Refer to caption — Fig. 1: Column A, B and C shows the corresponding scores of Caption A, B and C given by different metrics. One cell is colored if the caption is favoured by a certain metric of this row.

On the other hand, the specificity in vision-focused captions may cause the failure of image caption specific metrics. In image captioning, attention has been drawn to the visible attributes of objects, along with their spatial relationships (e.g. A women in blue blouse sits at a table, with crinkled paper in her hand). Conversely in audio captioning, importance has been attached to auditory properties of events as well as their temporal connections (e.g. Young women speaking with crinkling noise). By this means, scene graph based metrics (e.g. SPICE [12]) are unlikely applicable to audio caption evaluation, in that object attributes and relations are seldom mentioned. It could be seen that SPICE even leaves a zero score on Caption A for its scene graph disjointness with reference, despite their semantic affinity.

Moreover, fluency issues like incomplete or inconsistent sentences are quite common in current generated captions. However, current metrics do not penalize, and sometimes even favour captions with these errors, so they can be easily gamed by systems exploiting the weakness. As shown in Fig 1, Caption C attaches three meaningless words to Caption B, which further increases its N-gram overlap with reference. Scores indicate that all N-gram overlap based metrics are cheated by this trick, while the others are indifferent, which is also incompetence.

Human evaluation is considered the golden standard in NLG tasks. However, by far there is no benchmark human judgments available for audio captioning. It has certainly caused difficulty in conducting fair comparisons on evaluation metrics. Therefore, we annotated the first two human evaluation benchmarks for audio captioning, based on the widely accepted AudioCaps [4] and Clotho [2] dataset. We experimented with two annotation protocols adopted from image captioning [11]: absolute rating and pairwise comparison. We find that absolute rating leads to poor inter-annotator agreement, and thus establish our final annotation based on pairwise comparison, resulting in the annotation of 3,421 pairs. We then benchmark current metrics, and find that metrics like BLEU₁ and SPICE perform no better than random guess on deciding a better generated caption in a pair.

To perform better audio caption evaluation, we explore the use of pre-trained model based metrics, including BERTScore [15] and BLEURT [16], and witness significant advantage over current methods. We also repurpose Sentence-BERT [17], which produces sentence embedding for similarity calculation and is mainly utilized for information retrieval, to perform caption evaluation (Fig 1, Last Row), and it surprisingly achieved the best performance. However, even methods with enhanced capability for capturing semantic relatedness can still fail to penalize fluency issues properly. We thus further propose Error Detector to recognize erroneous sentences and penalize them accordingly. We refer to the combined metric of Sentence-BERT and fluency penalty as Fluency ENhanced Sentence-bert Evaluation (FENSE), which significantly outperforms existing metrics.

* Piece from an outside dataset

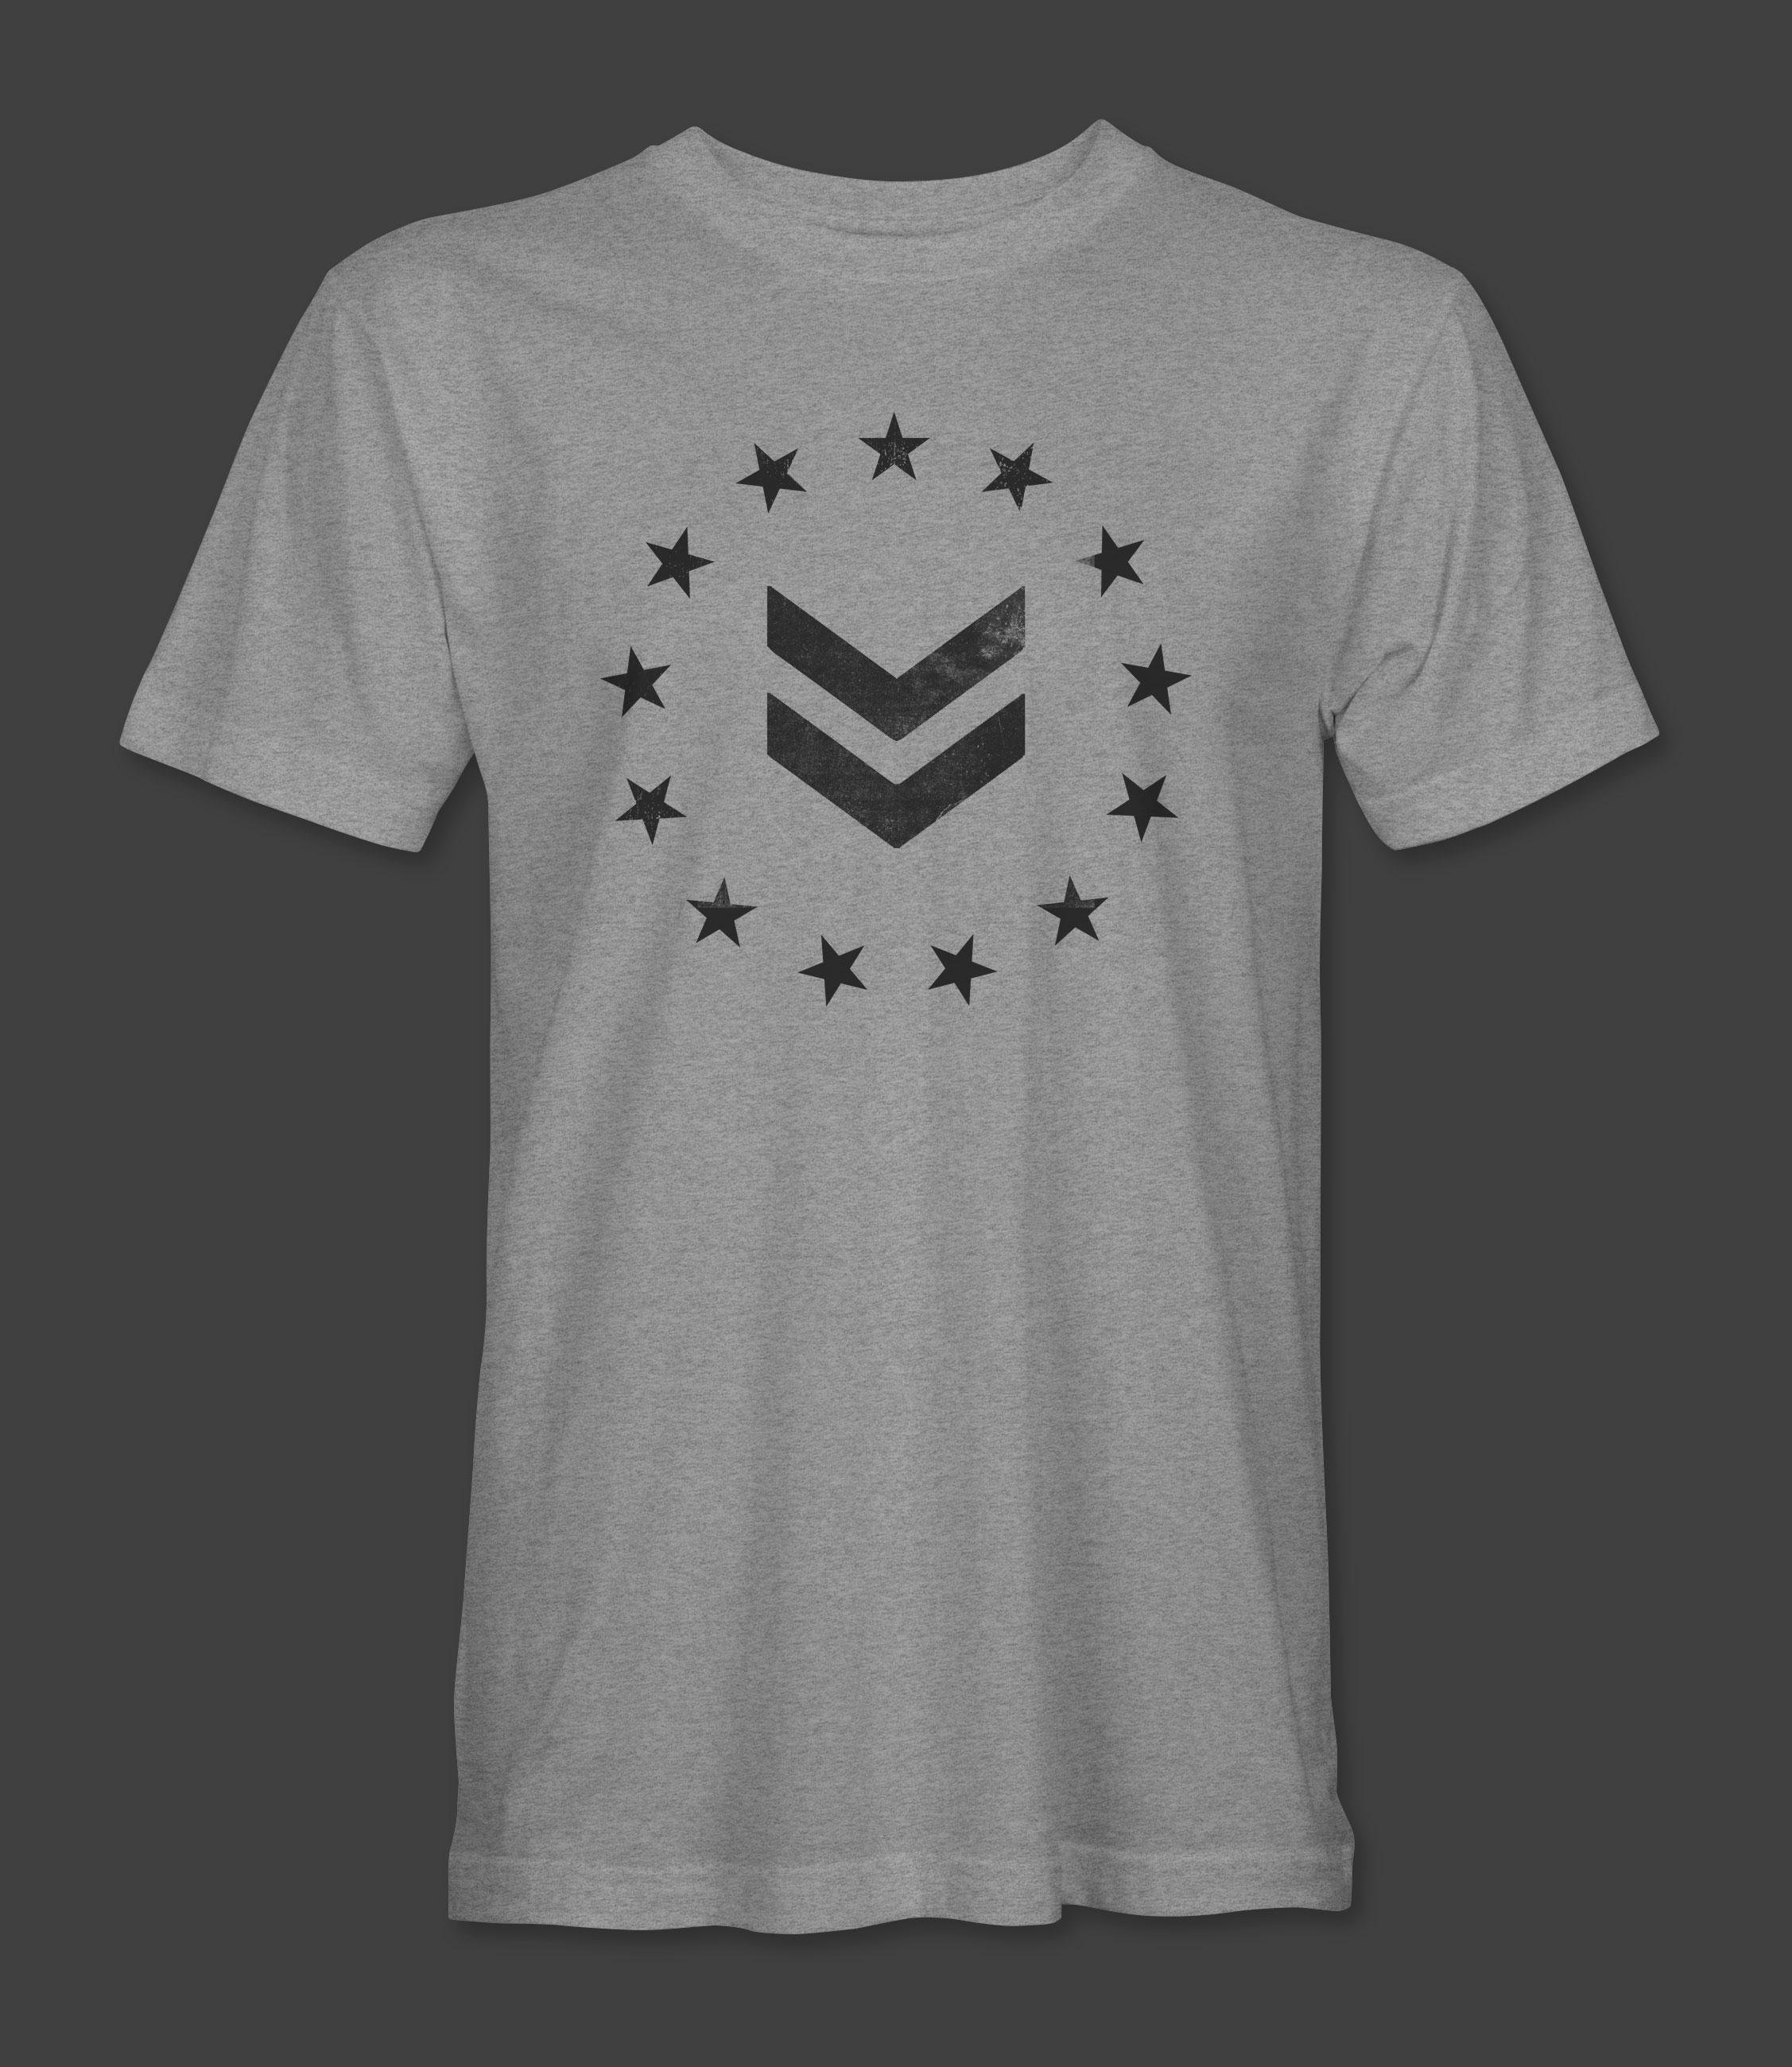 13 Stars T-Shirt - Grey

In summary, our contributions are:

1.

We establish the first two benchmark datasets, AudioCaps-Eval and Clotho-Eval, for the comparison of audio caption evaluation metrics.
2.

We propose FENSE, a metric consists of Sentence-BERT for similarity calculation and Error Detector to penalize fluency issues for robustness.
3.

Results on the new benchmarks show that FENSE can outperform previous metrics in pairwise comparison accuracy by 14-25 points, and ablations suggest a significant contribution of both Sentence-BERT and Error Detector.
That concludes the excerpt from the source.